----- COLLECTED DATA

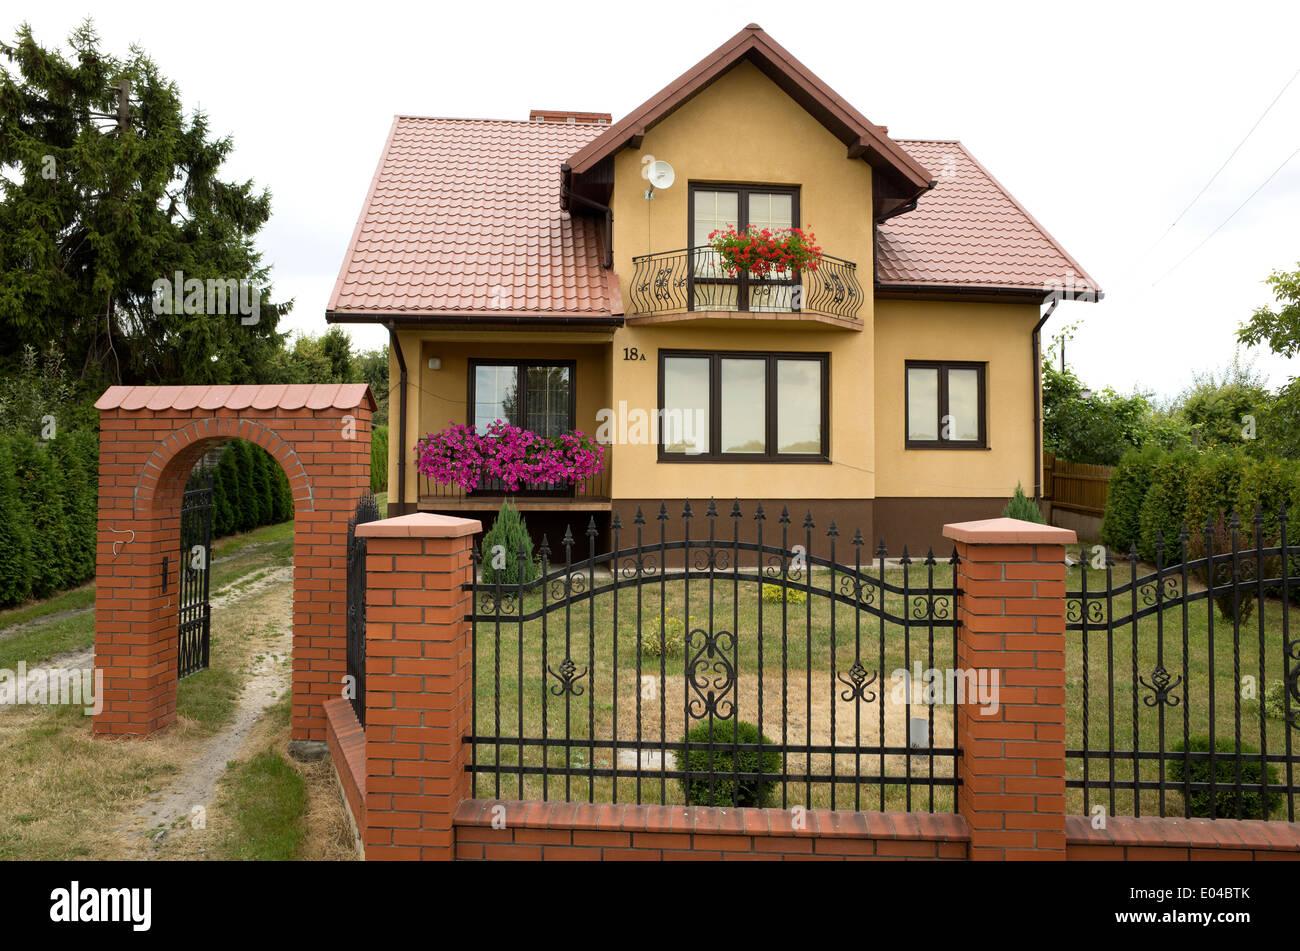 Moderne Polnische Haus Mit Schmiedeeisernen Zaun Mit Gemauerten
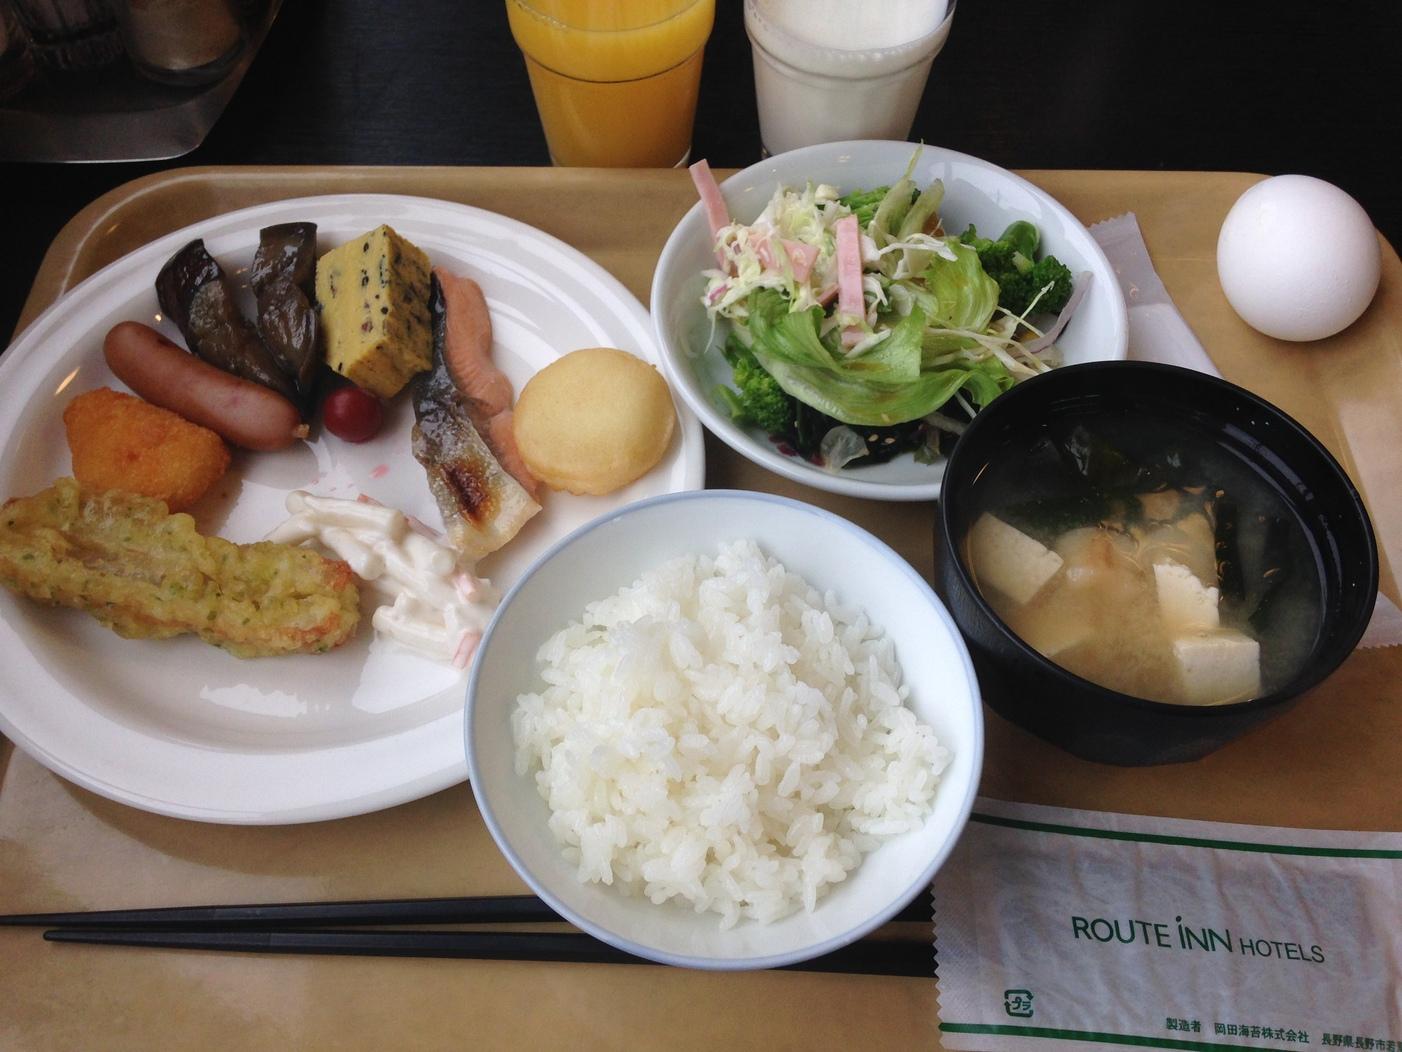 ホテルルートイン 高崎駅西口
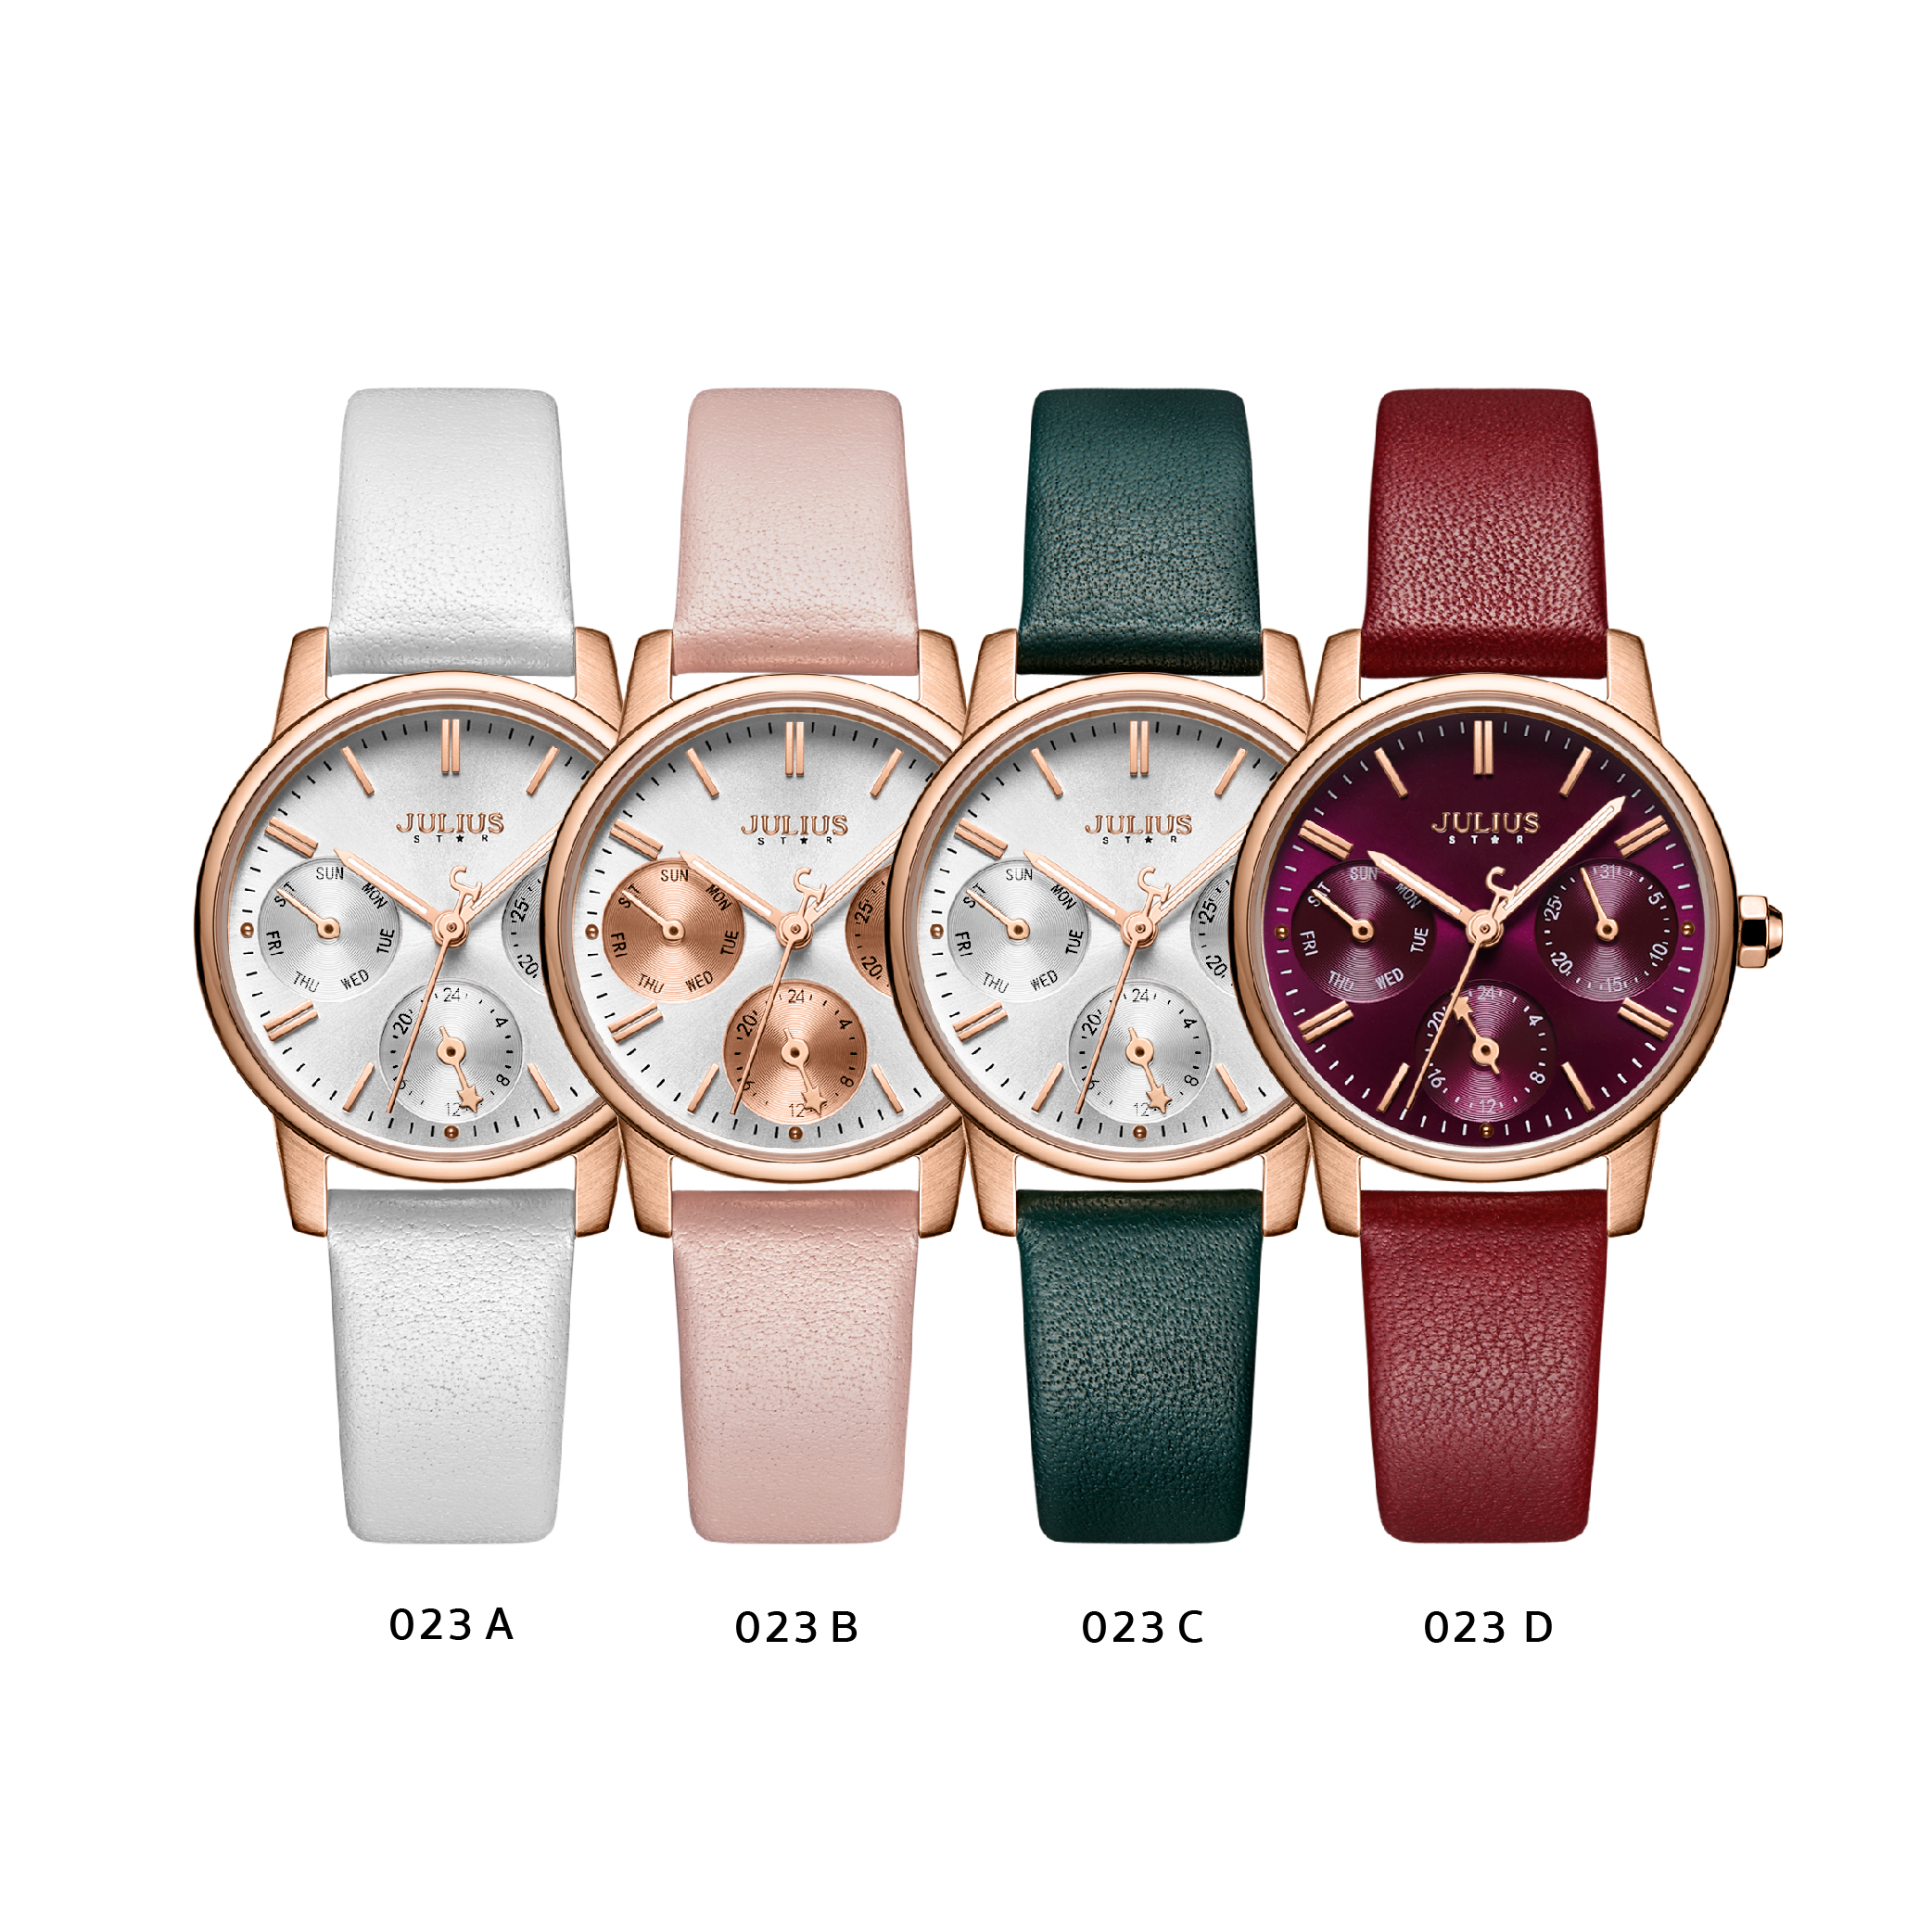 นาฬิกาข้อมือผู้หญิง JULIUS STAR JS-023 D
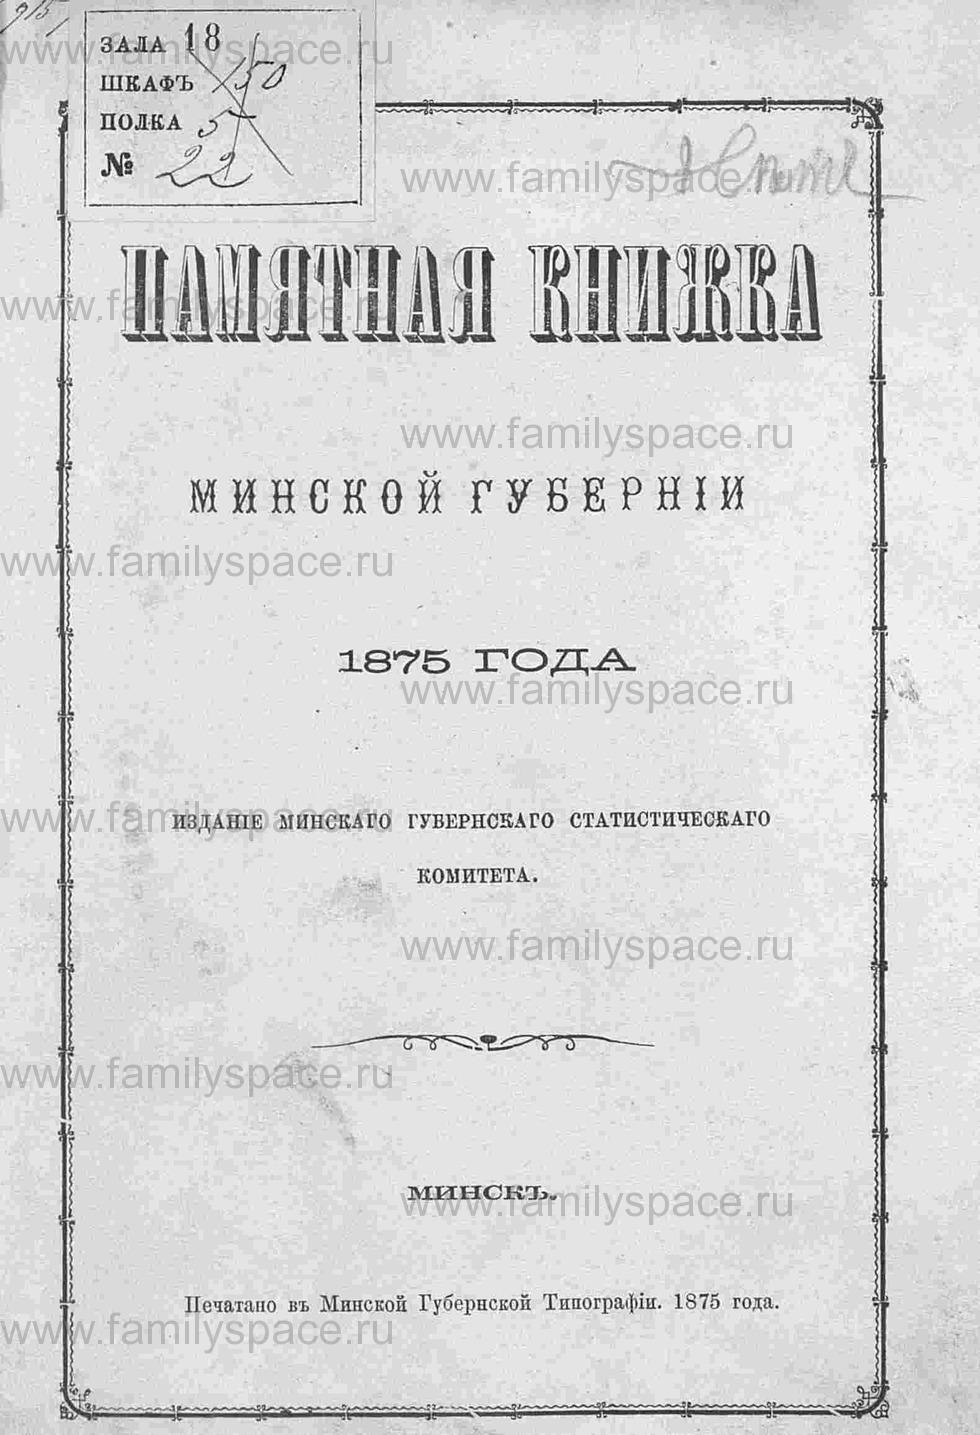 Поиск по фамилии - Памятная книжка Минской губернии 1875 года, страница 3

----------

### [WHAT IS NEEDED]
With the pictures removed, output the listing above exactly.

### [RESULT OF THE TASK]
 Moderne Polnische Haus Mit Schmiedeeisernen Zaun Mit Gemauerten
 ホテルルートイン 高崎駅西口
 นาฬิกาข้อมือผู้หญิง JULIUS STAR JS-023 D
 Поиск по фамилии - Памятная книжка Минской губернии 1875 года, страница 3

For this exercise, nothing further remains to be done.